If so, December predates Conformer, so you're talking about the sconv model, which is the model I was complaining about upthread - it was very polarizing with users, and despite the theoretical WER improvements, the errors were much more catastrophic than the model that preceded it.

In either case, I'm constantly making improvements - I'm in the middle of a retrain that fixes some of the biggest issues (such as misrecognizing some short commands as numbers), and I've done a lot of other work recently that has really polished up the experience with the existing model.

Your story reminds me of what's happened to Google's voice recognition over the last five years or so. It used to mis-hear words, but now it actively alters grammar and inserts words that sound nothing like what I actually said. Just try getting it to type the word "o'clock".
At face value, actively altering grammar to words that you didn't say sounds like the language model is very heavily weighed. I'm curious if you mean the keyboard? Because that recently switched to on device I think, which means much smaller models and compute used.
The behavior I'm complaining about happens on both, though as best I can tell the voice typing decides whether to use on-device or cloud-based depending on the conditions when you use it. If you cut your data off you'll get word-by-word recognition, whereas most of the times you're connected the whole sentence will pop in at the same time indicating it used the cloud.
Yes!

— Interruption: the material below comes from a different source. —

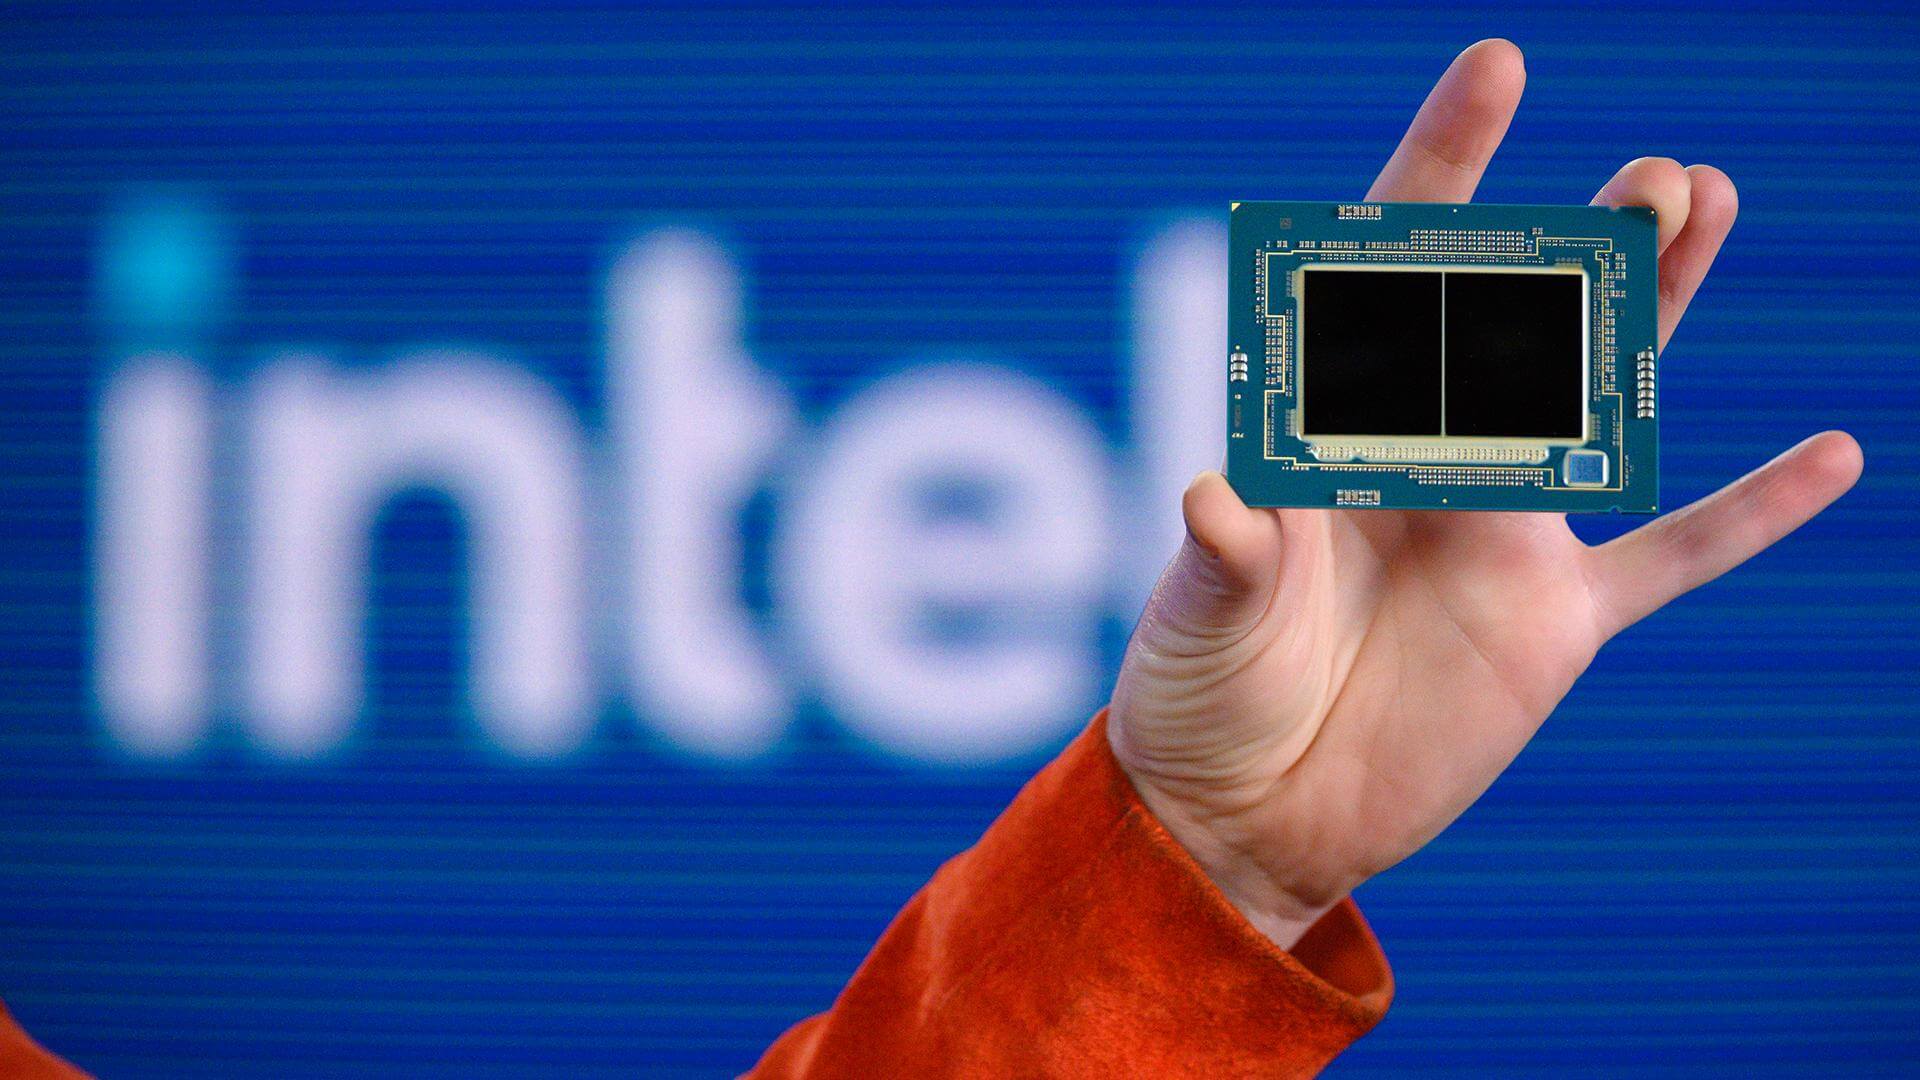 Rò rỉ thông tin về thế hệ Intel Xeon mới: Kiến trúc mới, mạnh mẽ và tiết kiệm điện hơn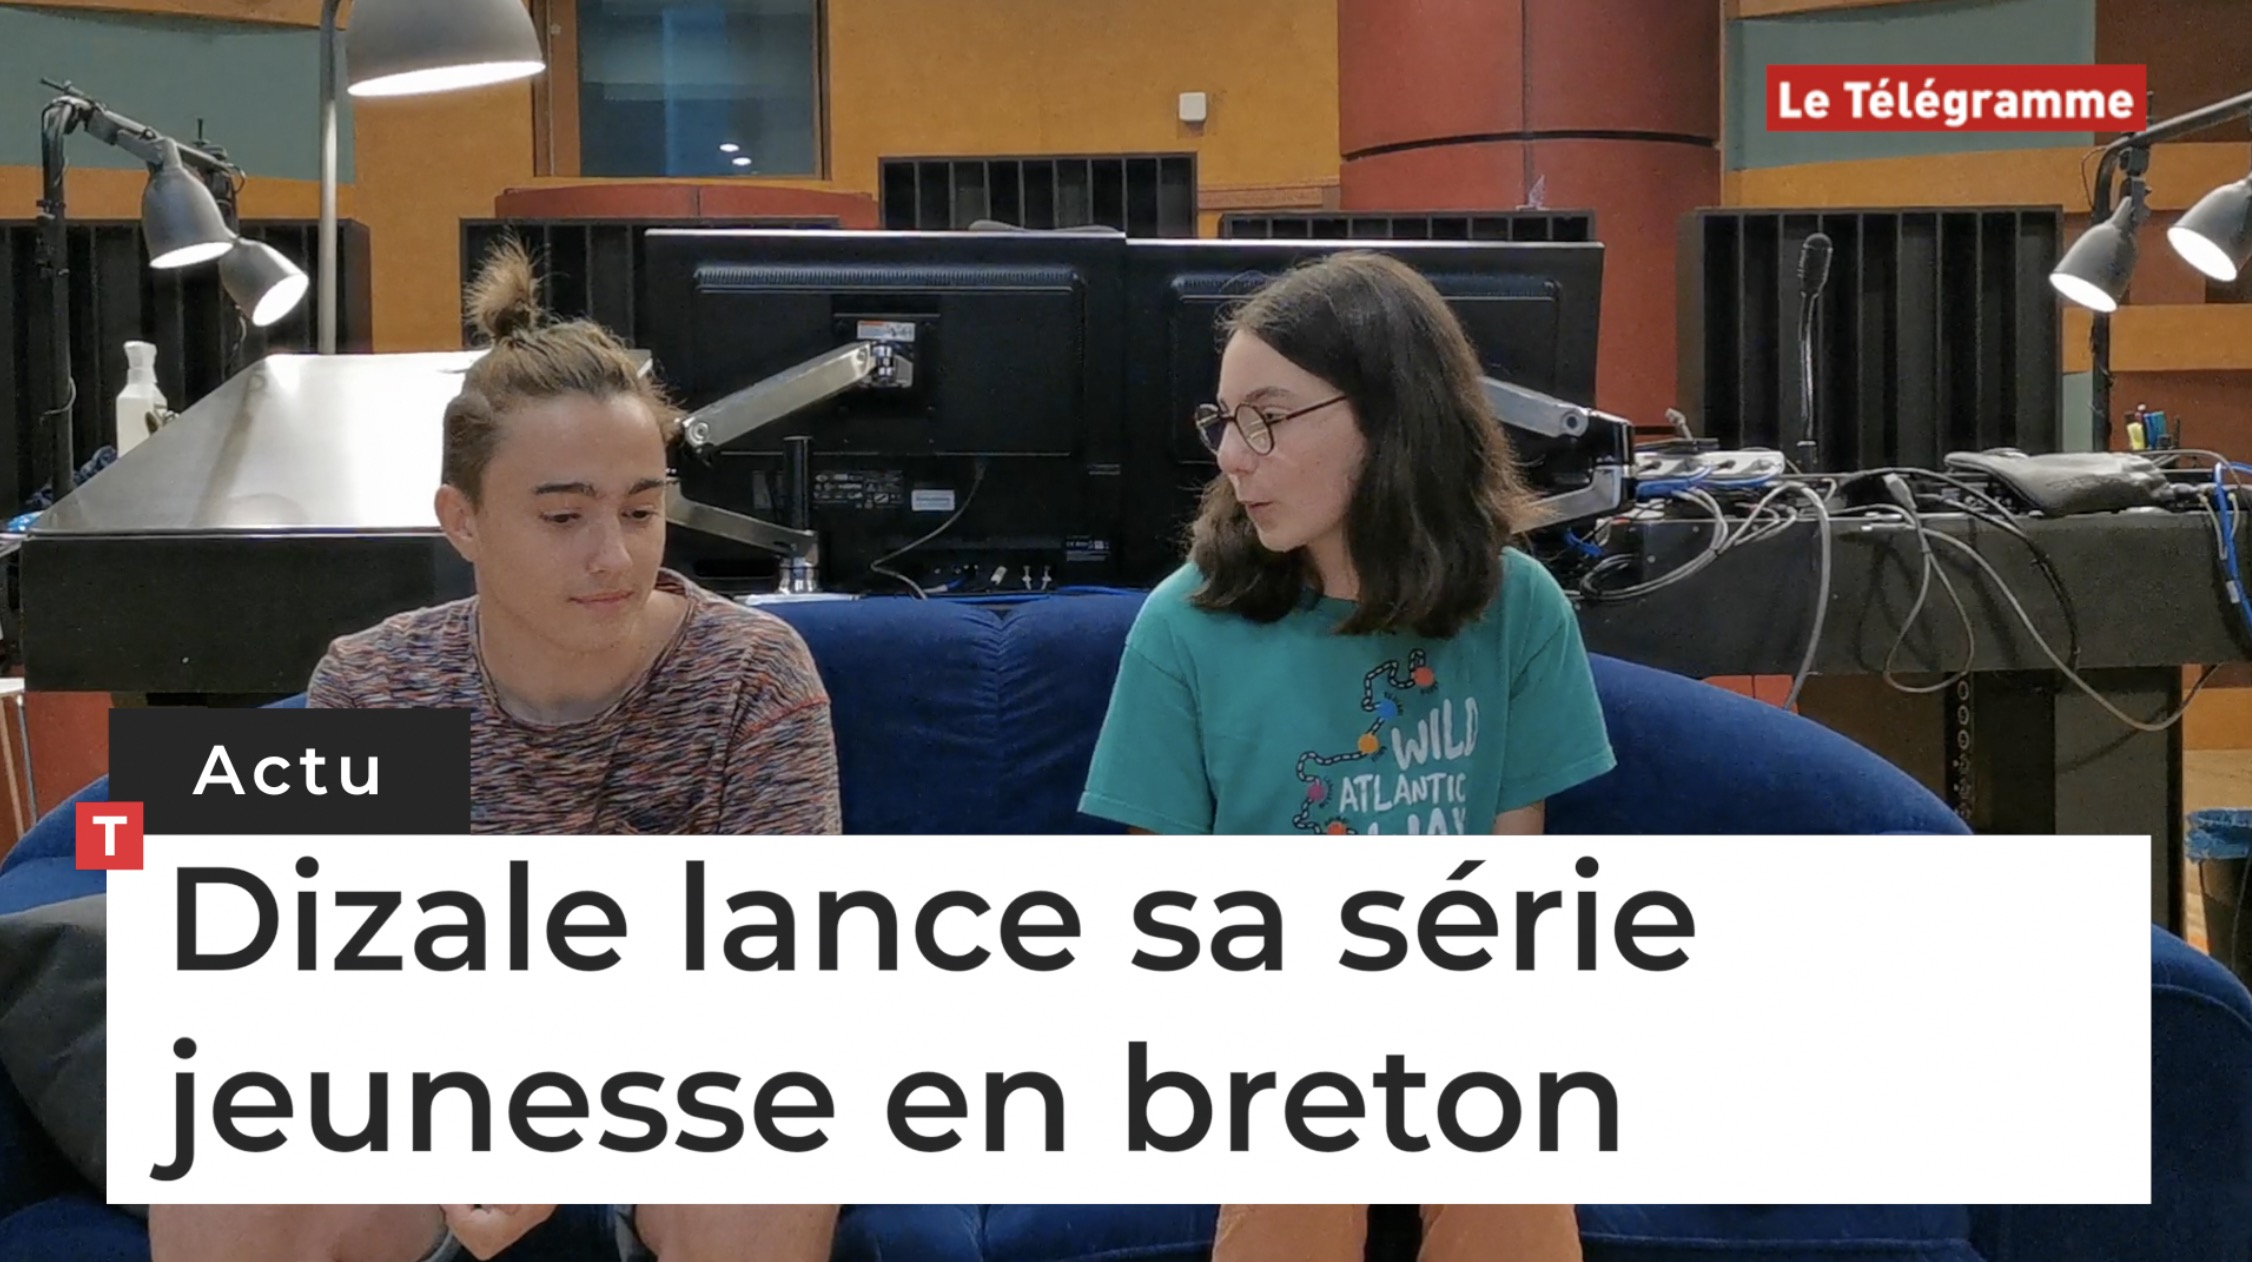 Dizale lance sa série jeunesse en breton (Le Télégramme)

Perplexity is a great idea. Although you could technically have a low perplexity prediction that is not similar to the ground truth transcription.

CER is definitely more granular. There are papers that basically count Deletions, for example, as 0.5(D) when calculating WER - since they consider Deletions "less bad", but if these weights aren't standardized then WER scores will be super hard to compare.

Personally I think some metric including some type of perplexity is the way to go.

So I was looking at SotA loss functions from a few years ago that weighted the CTC loss by the WER of the decoded phrase.

Could we generalize the WER weighting to optimize for the domain?

Something like

weight = w1 * WER + w2 * phonetic similarity + ...

which also requires a hyperparameter search... But we are already dumping so many GPU hours here.

I assume this is already being investigated by Google, though?

There are some a similar techniques where you use evaluation metrics to decide which data to train on each epoch.

I wonder if you could make that parameter trainable instead of using a hyperparameter search for it.

For phonetic similarity I've been playing with a dual objective system that could be promising.